To that end, I've created further entities that represent an ACL on the securable entities.

I've managed to get something that looks like security by adding a LoadCollection listener. When a collection of secured entities is loaded, I check the ACL for each one and remove it from the list if access isn't allowed.

However, I can't figure out how to accomplish the same thing when loading a single entity. I have a PreLoad event listener and I'm able to determine if the caller has access. If they don't have access, I would like to return a null item. I've tried setting the entity associated with the event to null and evicting the entity from the session.

Documentation on using this event is pretty thin on the ground: Mostly it's events that fire before saving that have worked examples.
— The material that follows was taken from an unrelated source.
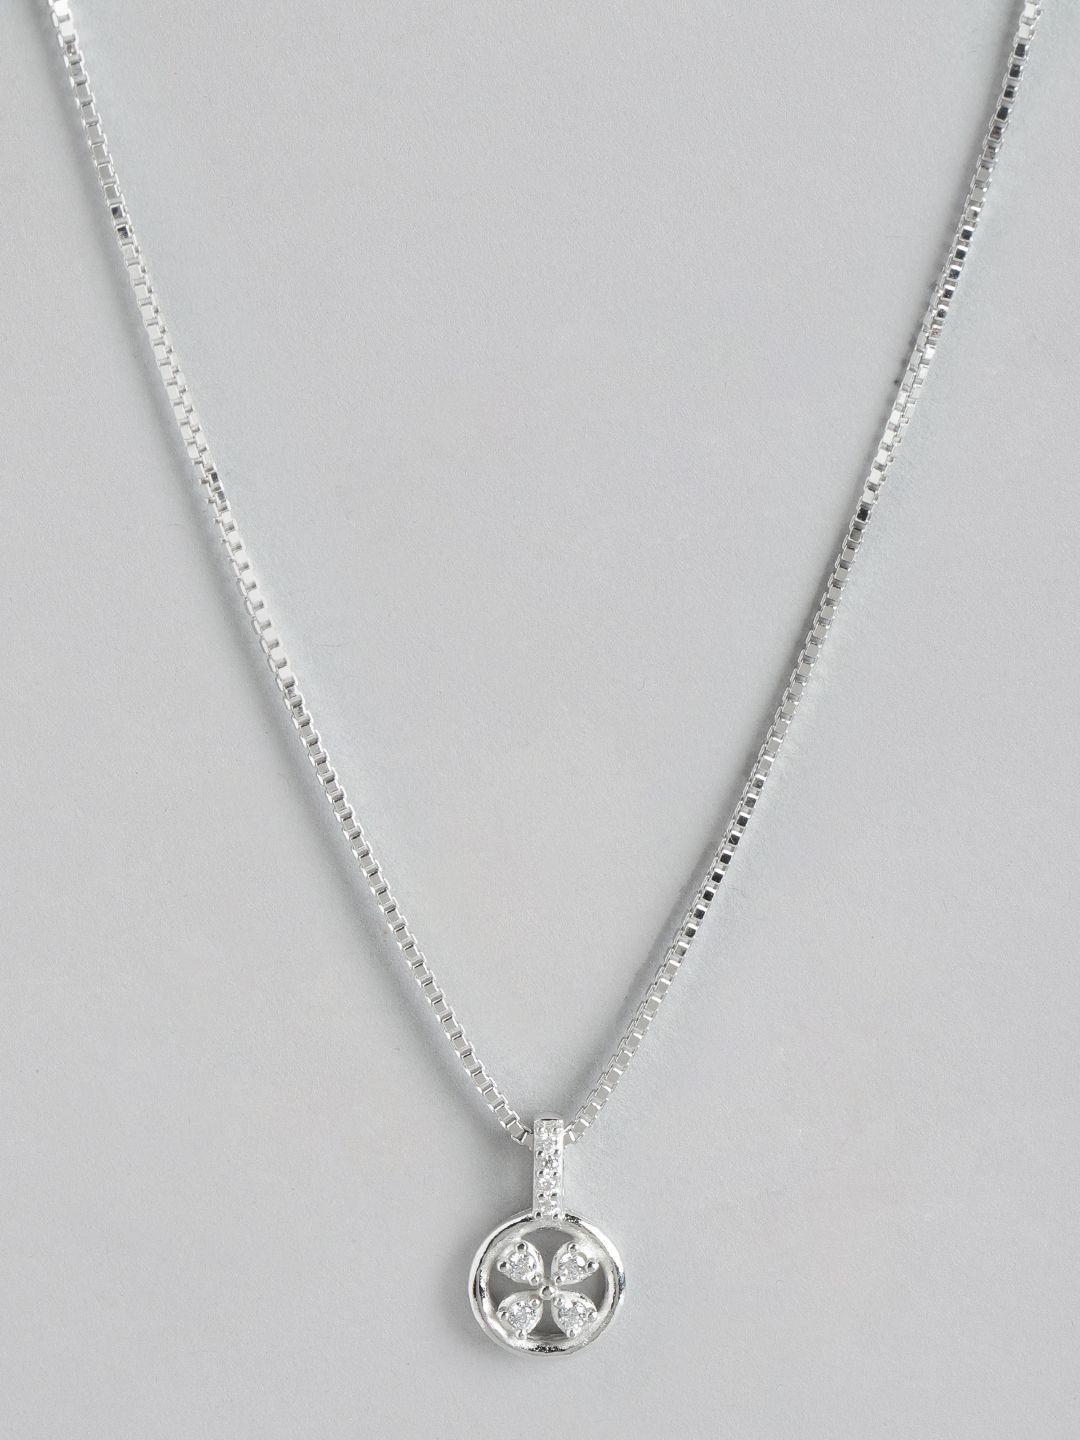 carlton-london-women-rhodium-plated-cz-studded-pendant-with-chain

The NHibernate Cookbook uses a very old version of NHibernate with a different signature for events (e.g. they return bool rather than the void of NHibernate 3.3.x).
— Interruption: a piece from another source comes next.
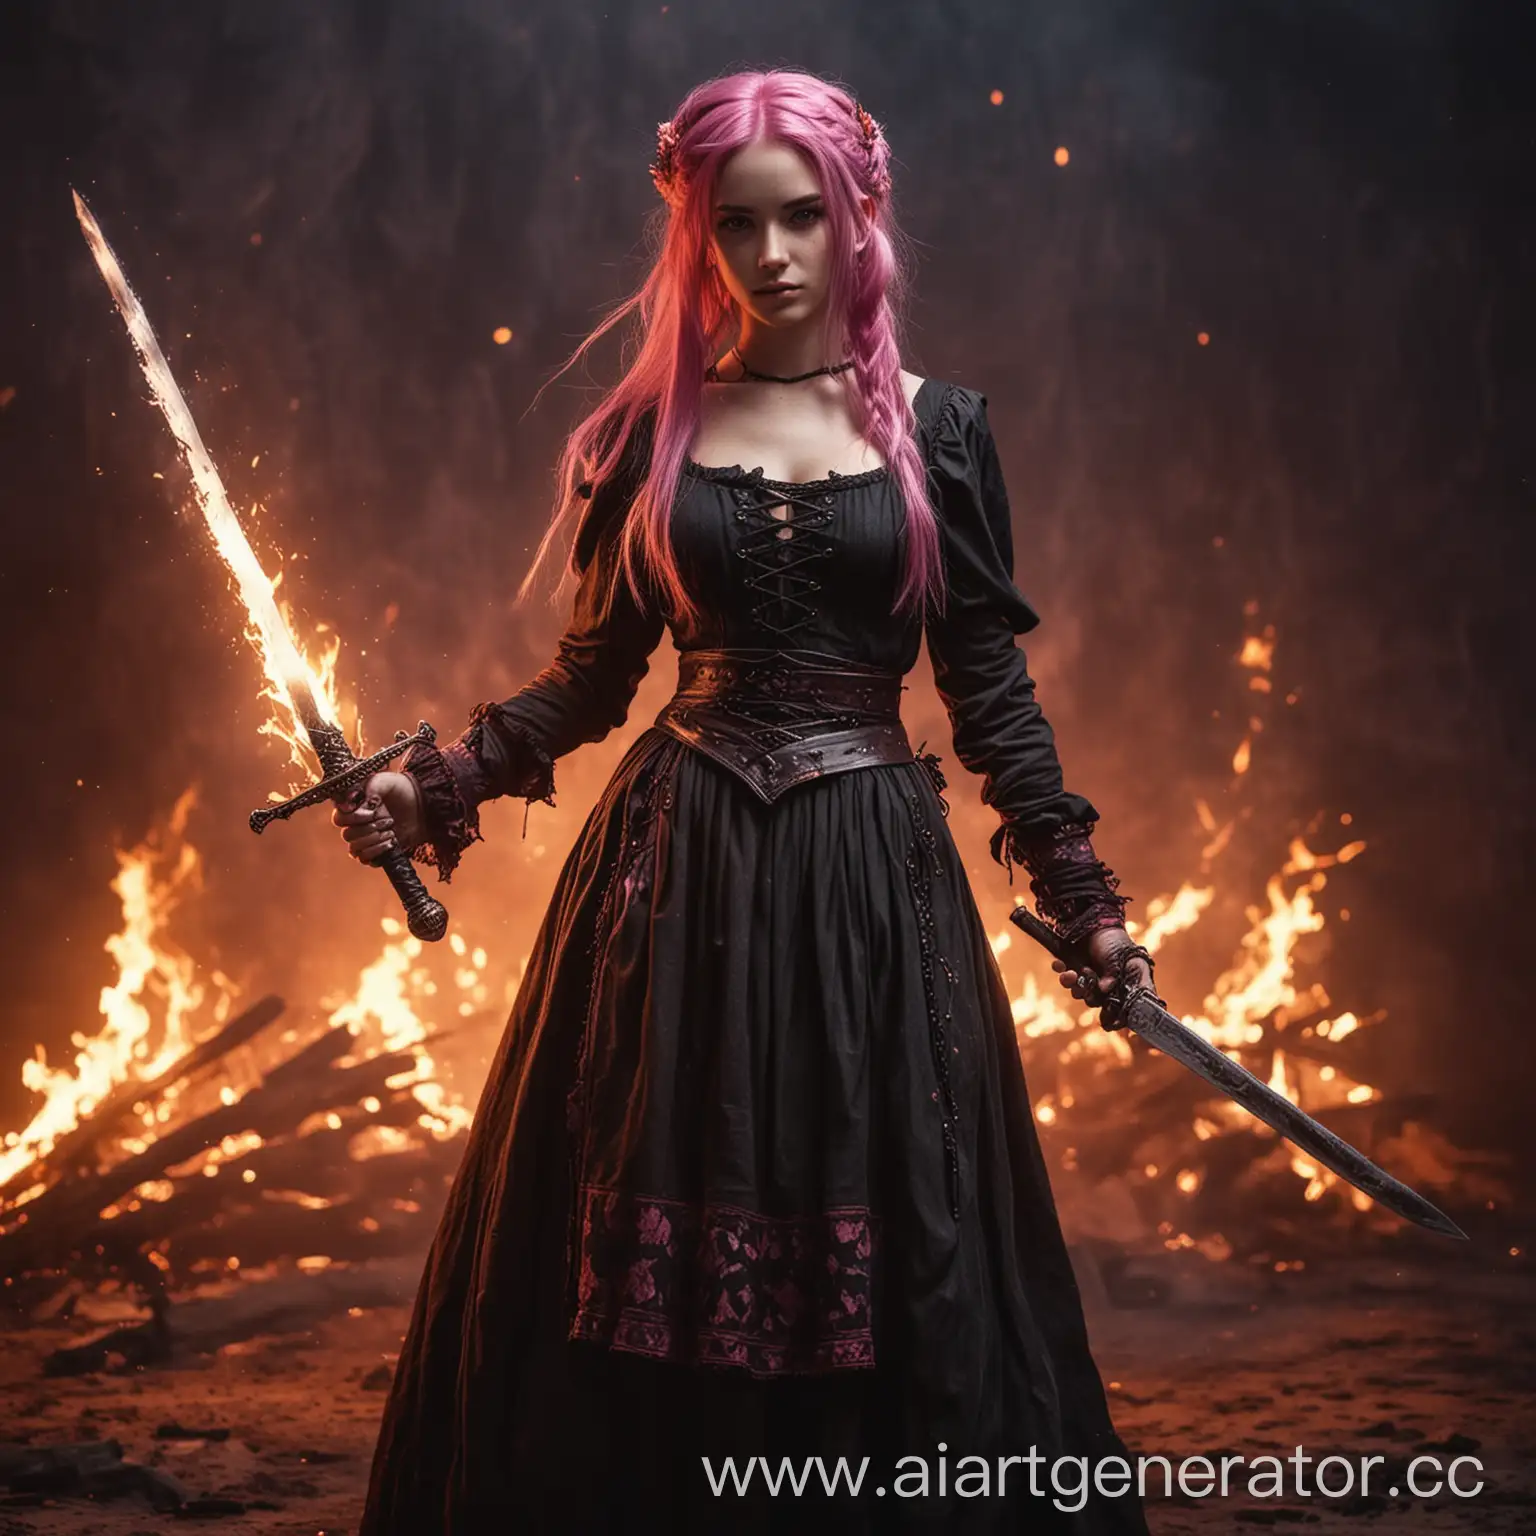 Girl-with-Sword-in-Fiery-Background-Dark-Fantasy-Art

Edit: After spelunking through the NHibernate source, I've determined that I was looking at the wrong Load event. I tried "PreLoad" and "PostLoad", not realizing that the plain old "Load" event was what I was after.

This has raised a new issue though: When loading an object that is not secured, but has a secured parent, my Load event listener will fire for the proxy of the parent. Eager-loading or not, the parent proxy won't have a correct ACL: It is coming up empty every time.

Answer 1

A good full example for a NHibernate application using this design can be found in NHibernate best practices, we're using it for a enterprise, heavy web application with more than 300 entities with big success. On top of that we implemented a context control mechanism, each end user is requesting a security token on log-in and use it on every sequential call, on every sequential call we check the security token for validation and use it to create an additional criterion that limit each user access depending on his\her configuration. It was a big project, but it gave us a good infrastructure for developing and maintenance.